De bijlagen II en III bij Verordening (EG) nr. 1223/2009 moeten daarom dienovereenkomstig worden gewijzigd.

(8)

De in deze verordening vervatte maatregelen zijn in overeenstemming met het advies van het Permanent Comité voor cosmetische producten,

HEEFT DE VOLGENDE VERORDENING VASTGESTELD:

Artikel 1

De bijlagen II en III bij Verordening (EG) nr. 1223/2009 worden gewijzigd overeenkomstig de bijlage bij deze verordening.

Artikel 2

Vanaf 23 augustus 2019 mogen cosmetische producten die één of meer van de bij deze verordening verboden stoffen bevatten, niet meer in de Unie in de handel worden gebracht.

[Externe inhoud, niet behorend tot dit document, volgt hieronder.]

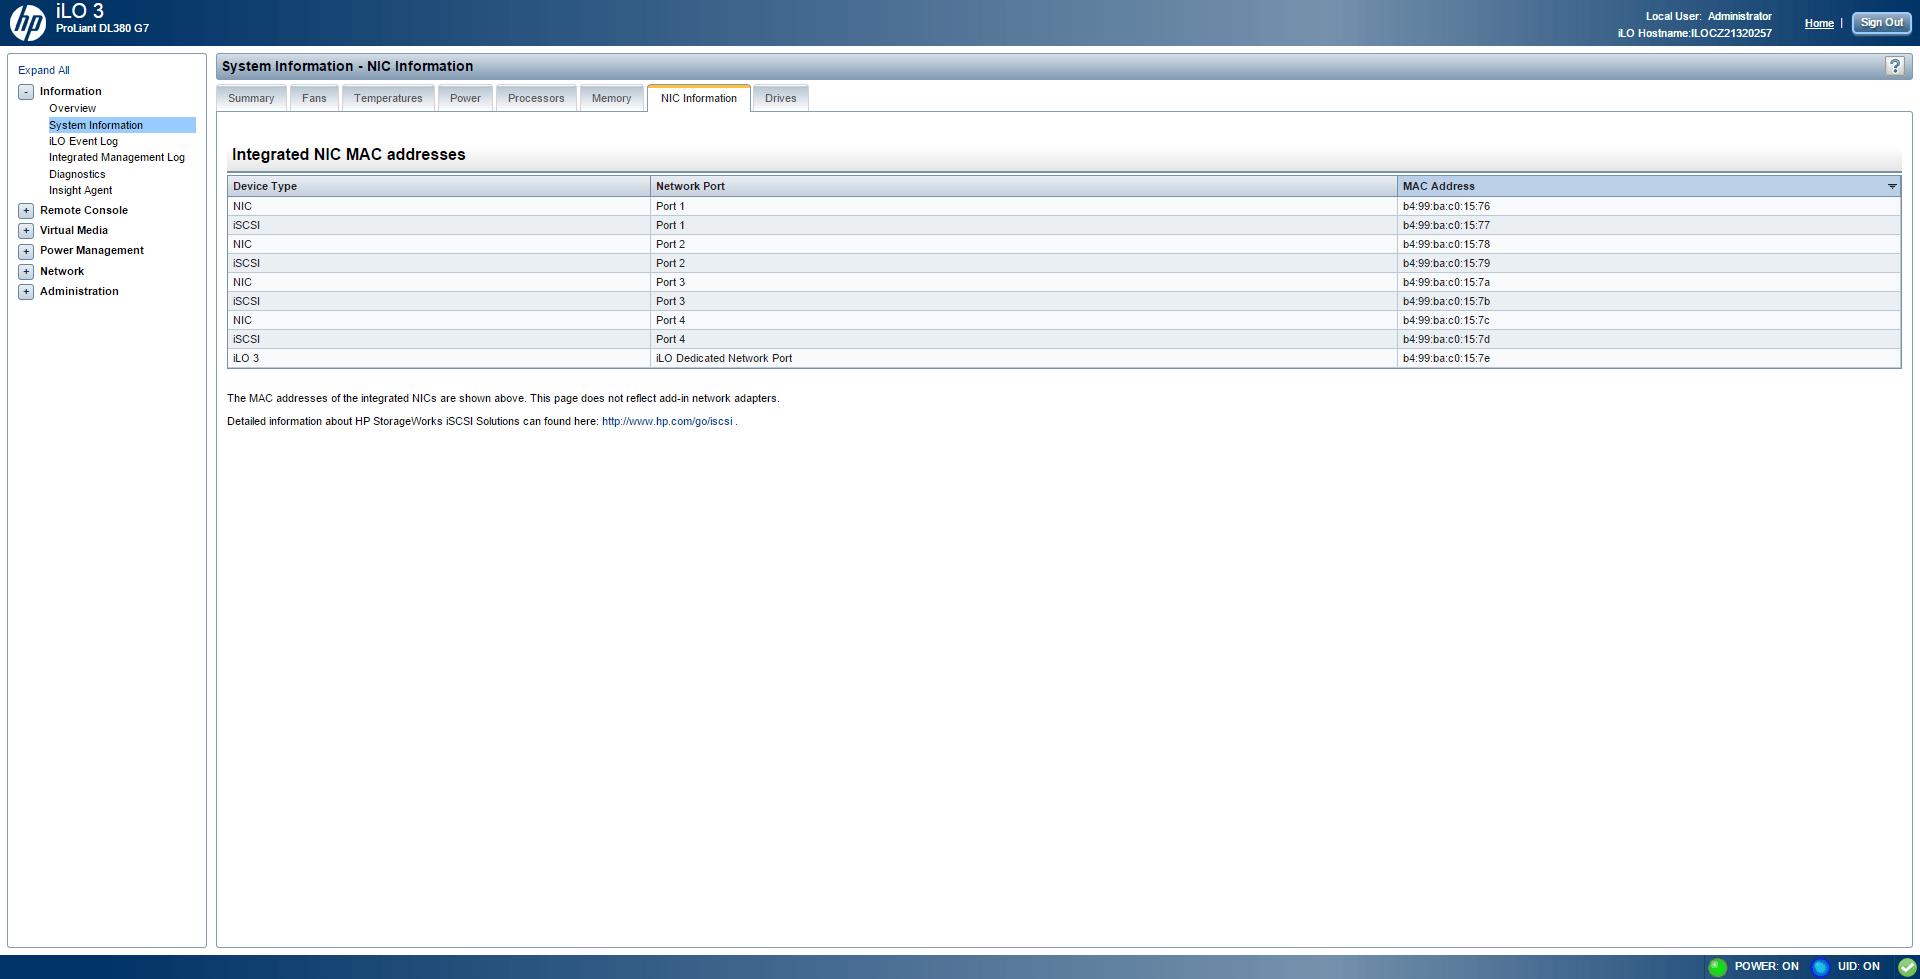 Обзор параметров ILO 3 в HP dl380 g7-09

Vanaf 23 augustus 2021 mogen cosmetische producten die één of meer van de bij deze verordening verboden stoffen bevatten, niet meer in de Unie worden aangeboden.

Artikel 3

Deze verordening treedt in werking op de twintigste dag na die van de bekendmaking ervan in het Publicatieblad van de Europese Unie.

Punt 2 van de bijlage is van toepassing vanaf 23 augustus 2021.

Deze verordening is verbindend in al haar onderdelen en is rechtstreeks toepasselijk in elke lidstaat.

Gedaan te Brussel, 2 augustus 2017.

Voor de Commissie

De voorzitter

Jean-Claude JUNCKER


(1)  PB L 342 van 22.12.2009, blz. 59.

(2)  SCCS/1459/11.


BIJLAGE

De bijlagen II en III bij Verordening (EG) nr. 1223/2009 worden als volgt gewijzigd:

1)

In bijlage II worden de volgende drie vermeldingen toegevoegd aan de tabel:

Ref. nr.

Identiteit van de stof

Chemische benaming/INN

CAS-nummer

EG-nummer

a

b

c

d

„1380

3- en 4-(4-hydroxy-4-methylpentyl)cyclohex-3-een-1-carbaldehyde (HICC) (*1)

51414-25-6/

31906-04-4/

257-187-9/

250-863-4/

1381

2,6-dihydroxy-4-methylbenzaldehyde (atranol) (*1)

526-37-4

1382

3-chloor-2,6-dihydroxy-4-methylbenzaldehyde (chlooratranol) (*1)

57074-21-2

2)

In de tabel in bijlage III wordt vermelding 79 geschrapt.


(*1)  Vanaf 23 augustus 2019 mogen cosmetische producten die deze stof bevatten, niet in de Unie in de handel worden gebracht. Vanaf 23 augustus 2021 mogen cosmetische producten die deze stof bevatten, niet in de Unie worden aangeboden.”.